Записные книжки. Стр. 248
Записи в дневнике перечитывались.
Лев Гумилев был хороший сын. Несмотря ни на что, он любил своих родителей. У дурных отца и матери он был хороший сын. Он написал внутреннюю рецензию, «Отзыв на «документальный роман» М. Кралина «Артур и Анна», там он защищает Ахматову в Ахматовской манере — огульно, без разбору, безотносительно того, была ли на нее хула. Просто — не сметь писать ничего о маме. (Л. H. Гумилев. Дар слов мне был обещан от природы. Стр. 294–295.)

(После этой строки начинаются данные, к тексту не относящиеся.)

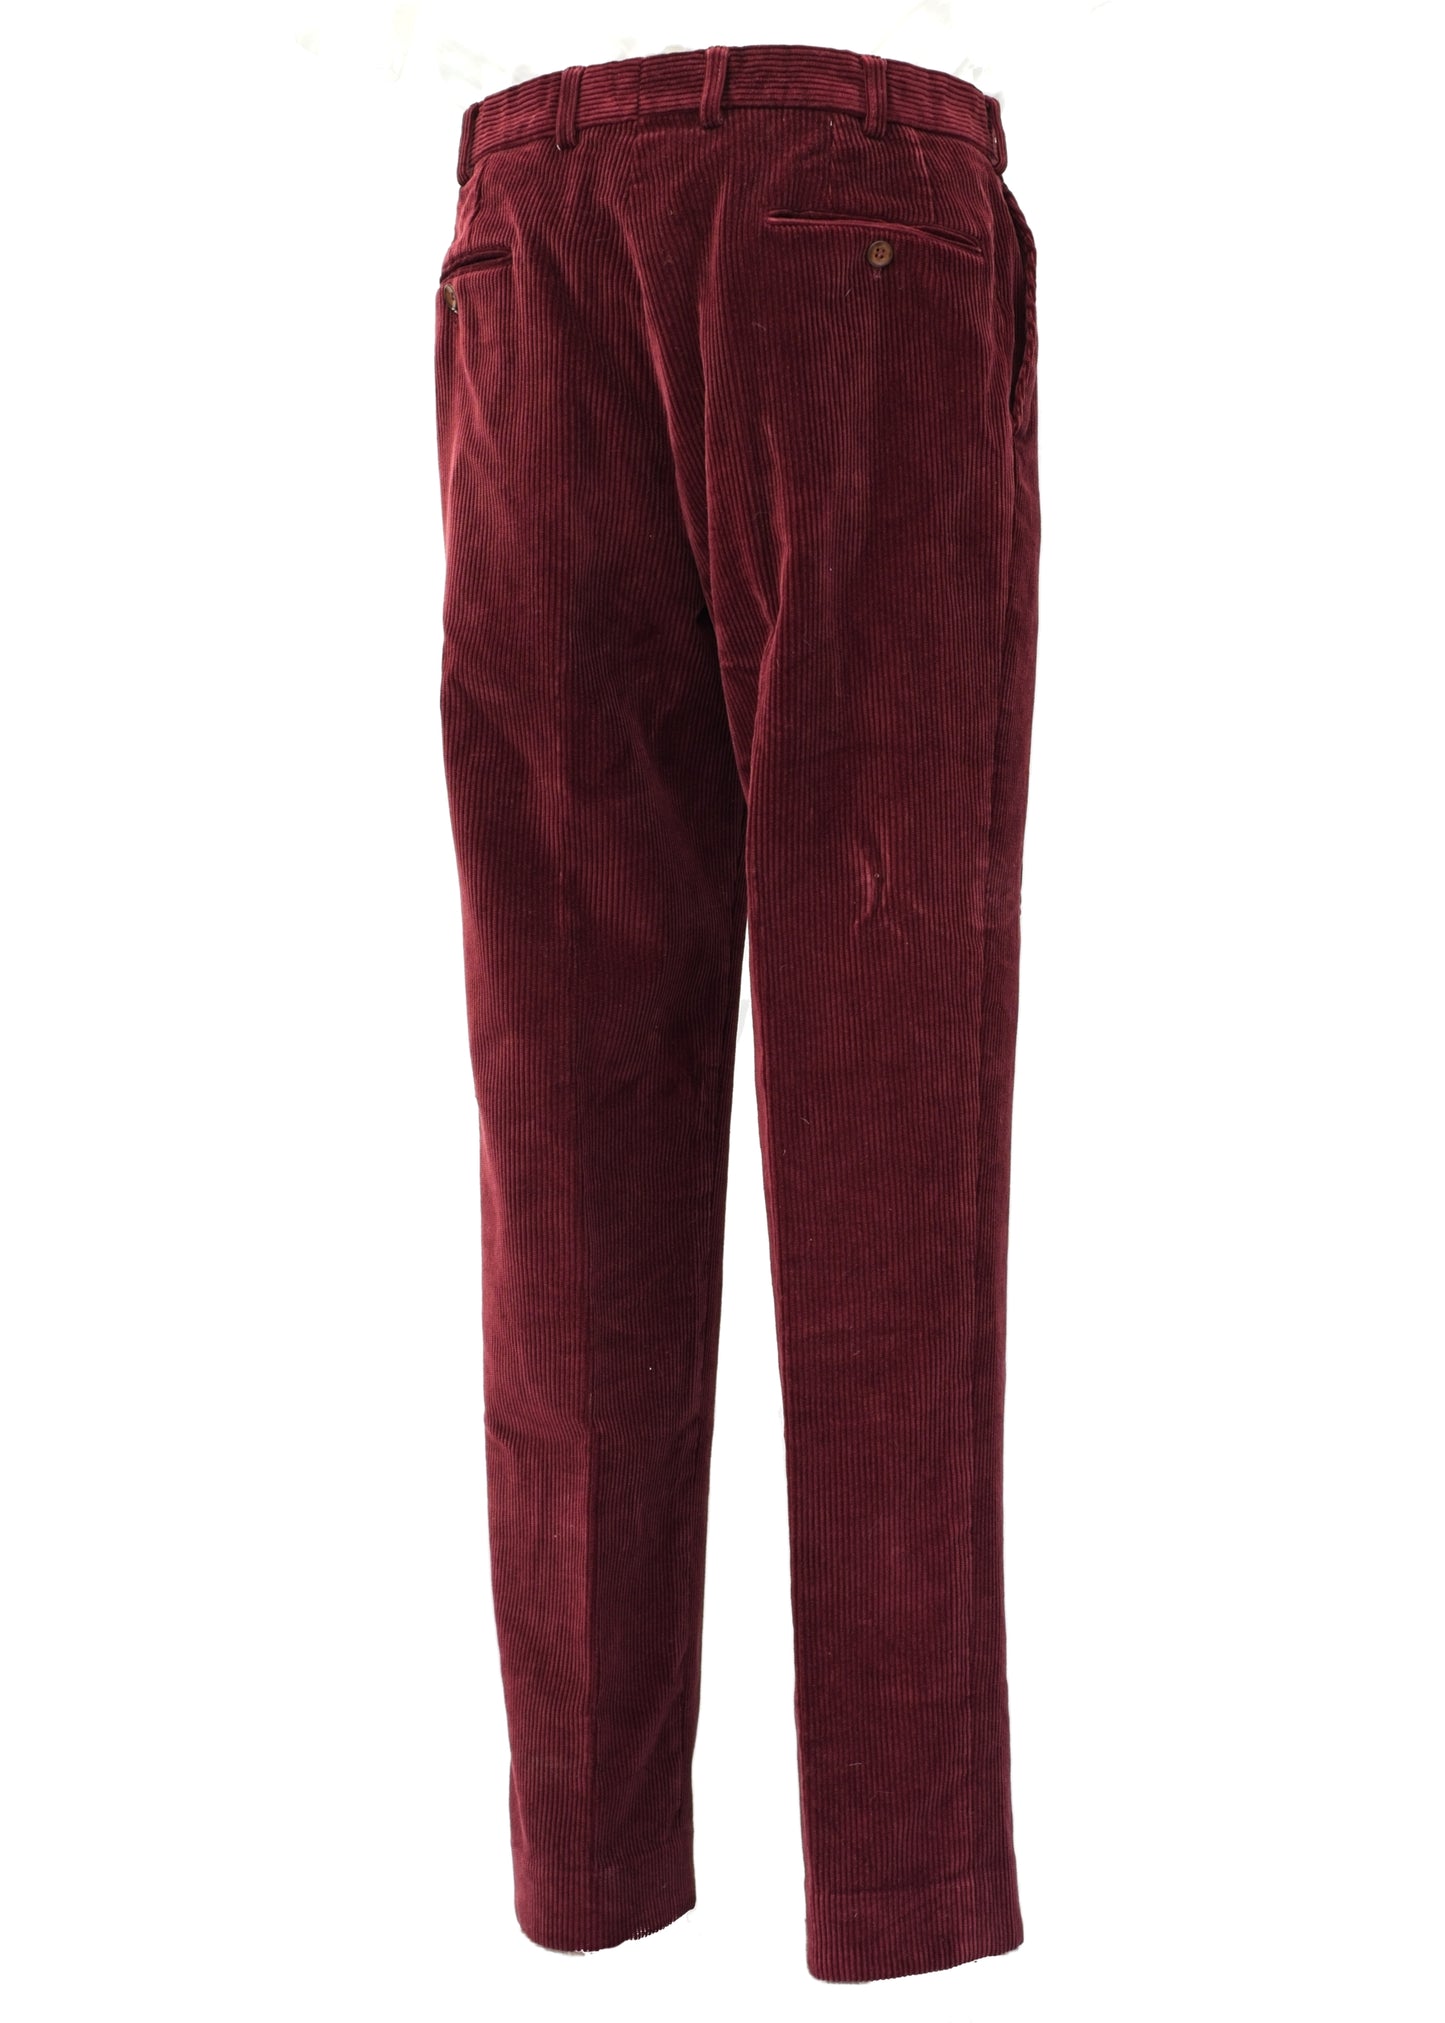 Burgundy Wine Chunky Corduroy Country Trousers by Magee

Ахматова была вынуждена принять английского дипломата по прямому указанию В. Н. Орлова, члена президиума Союза писателей. Как это по указанию? А как же придуманное Ахматовой (нам сейчас это важно даже как придуманный факт, ведь это ее версия): Наша монахыня тепэр иностранцев принимает» (топорща усы, с неудовольствием говаривал Сталин)? Начальство разъярено ее своеволием или — прямое указание? По тексту самого Берлина, никаким указанием не пахнет — так, сделали приятное старушке. В книжном магазине всесильный В. Н. Орлов случайно познакомился со вполне себе русскоязычным Берлиным, очевидно, не вручившим Орлову верительных грамот, вовсе не как с английским дипломатом (как того хотелось Анне Андреевне после осечки с профессором Гаршиным и в чем хороший сын Лева ее, как и во всем, поддерживал), а с русским, пусть бывшерусским, библиофилом. Ему, Орлову, невдомек было заняться принятием решения о выдаче Анне Андреевне Ахматовой, подданной Союза писателей, прямых указаний. В чем мог бы быть их смысл, даже если не усомниться в том, что вполне в рамках полномочий тов. Орлова единолично, спонтанно принимать решения по направлению деятельности английских дипломатов? Выведать у Берлина имена резидентуры? Прозондировать настроения в послевоенных британских дипломатических кругах? Почему на такое важное задание Ахматову направляли без прикрытия? Когда по прямым указаниям Союза писателей (заранее готовившимся и согласованным) ее действительно сводили со смирными американскими профессорами, на встречах присутствовали представители СП, переводчики, проверенные и лояльные хозяева домов и пр. Бродский, считая людей совсем уж за простачков, придумывал (на ходу, больше вроде не повторял), что власти ей даже не разрешали говорить на этих встречах по-английски (она, правда, не умела — хоть и писала противное в своей учетной союзписательской карточке. Но, как сын Лева все в этом же «отзыве» пишет: а дамы любили лгать всегда.)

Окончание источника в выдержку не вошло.